Penyelidikan KPK terhadap Ponorogo juga menyoroti dampak lebih luas terhadap kepercayaan publik terhadap pemerintahan daerah. Aktivis anti-korupsi dari Indonesia Corruption Watch (ICW), Febri Hendri, memperingatkan bahwa kasus ini bisa memicu efek domino, di mana proyek-proyek serupa di daerah lain ikut terdampak. “Tanpa reformasi struktural, seperti penguatan whistleblower dan sanksi tegas bagi swasta yang terlibat, korupsi akan terus berulang,” tegasnya.

Sementara itu, masyarakat Ponorogo menyambut pengumuman KPK dengan campuran harapan dan kekhawatiran. Seorang seniman Reog setempat, yang enggan disebut namanya, mengatakan, “Proyek MRMP seharusnya jadi kebanggaan kami, bukan beban korupsi. Semoga penyidikan ini membersihkan nama baik budaya kami.” KPK sendiri menjanjikan transparansi penuh dalam proses penyidikan, dengan harapan hasilnya dapat menjadi preseden bagi pengelolaan proyek publik di masa depan.

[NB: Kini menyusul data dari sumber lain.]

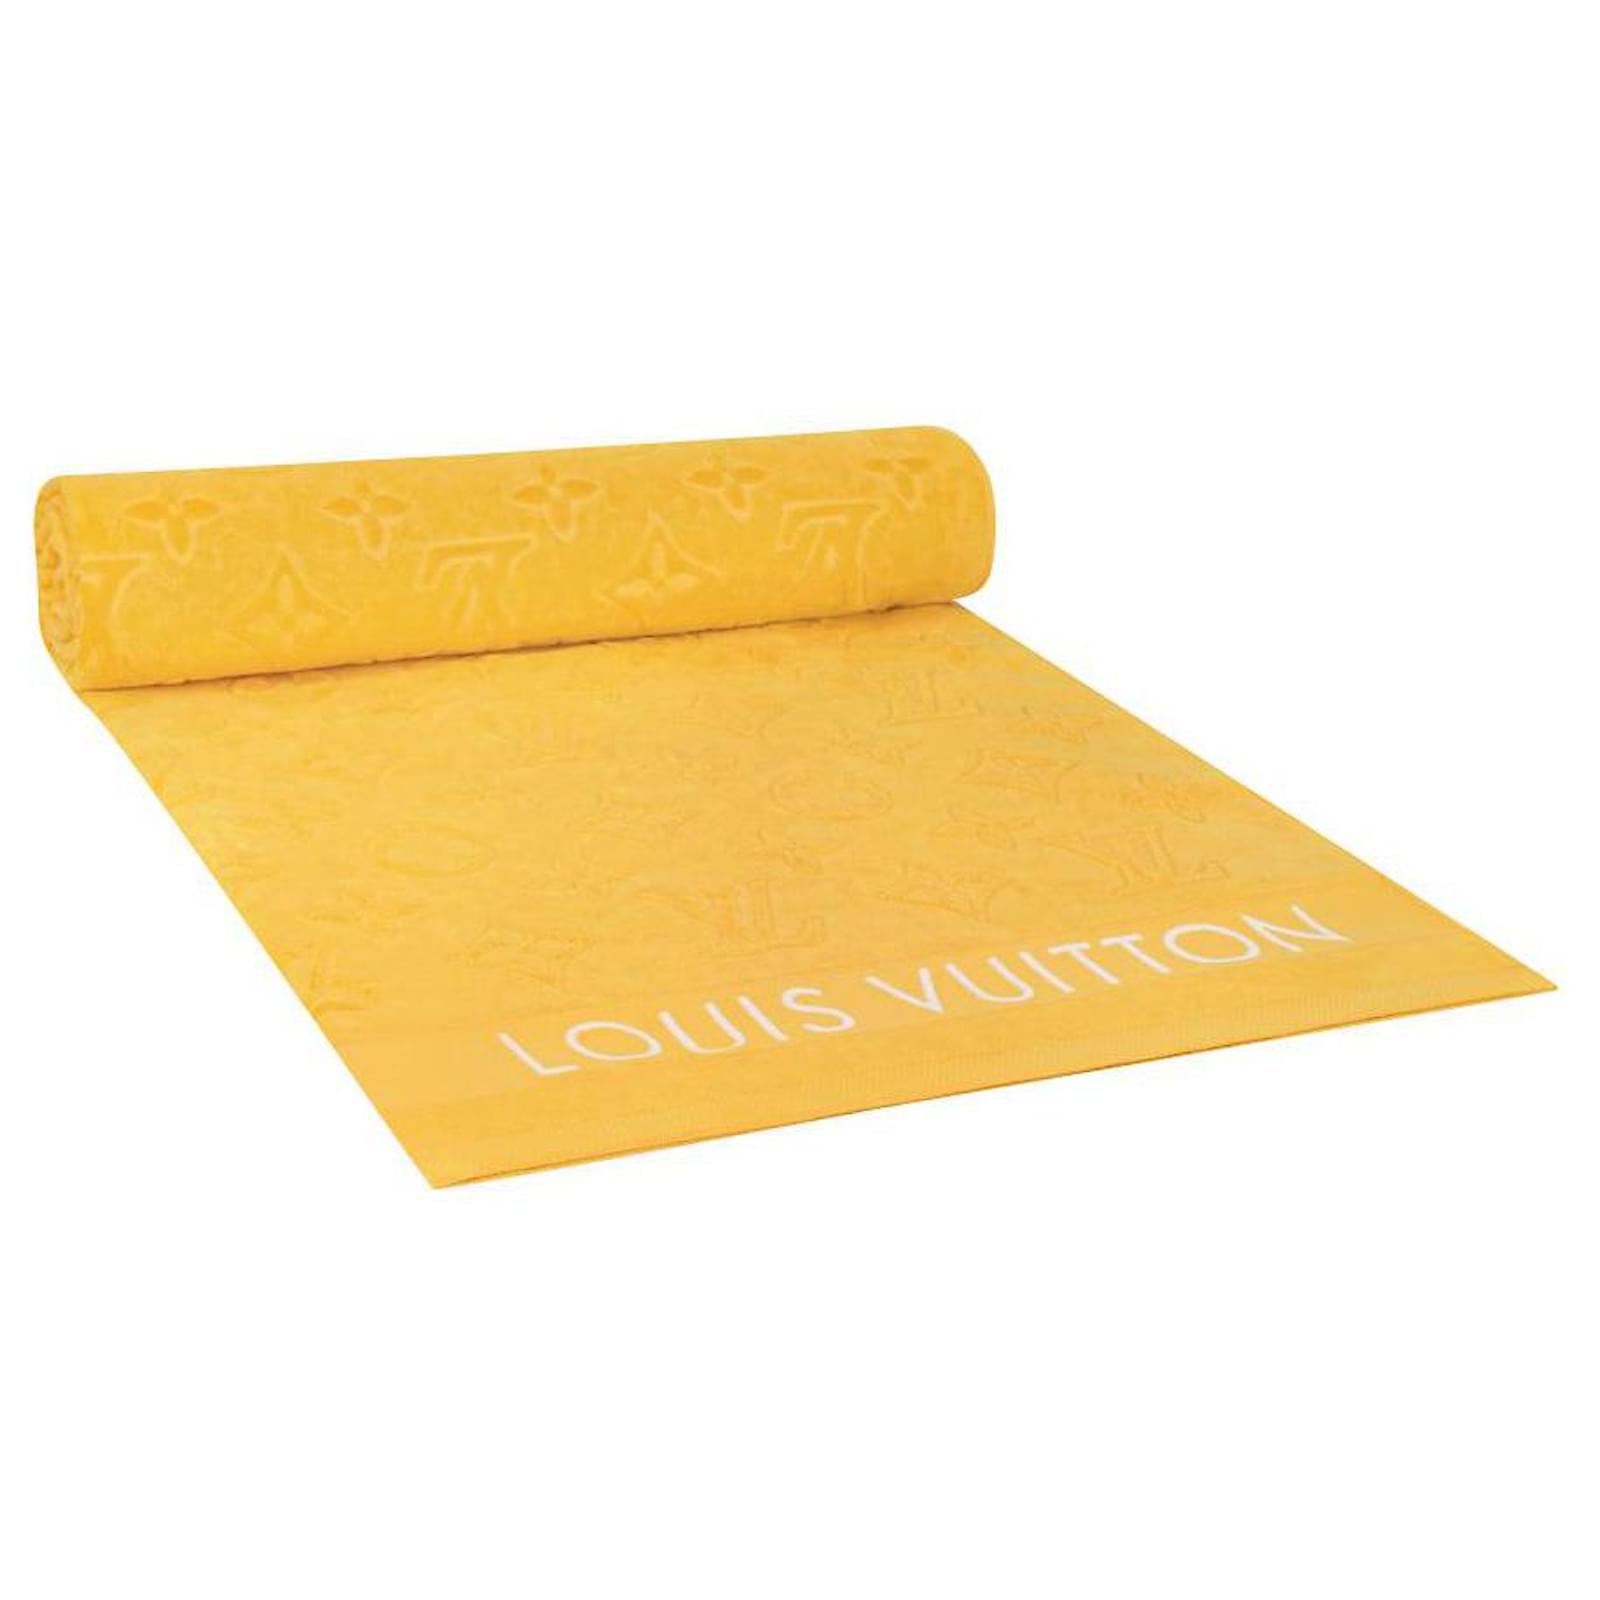 Louis Vuitton beach towel bath towel

Kasus ini menambah daftar panjang skandal korupsi di tingkat daerah, di mana pejabat eksekutif sering kali menjadi pusat jaringan. Dengan pendalaman ke proyek MRMP dan pengadaan lainnya, KPK diharapkan tidak hanya menindak pelaku, tapi juga merekonstruksi sistem yang rusak, demi menjaga integritas demokrasi lokal. Penyidikan ini masih berlangsung, dan perkembangan selanjutnya akan terus dipantau.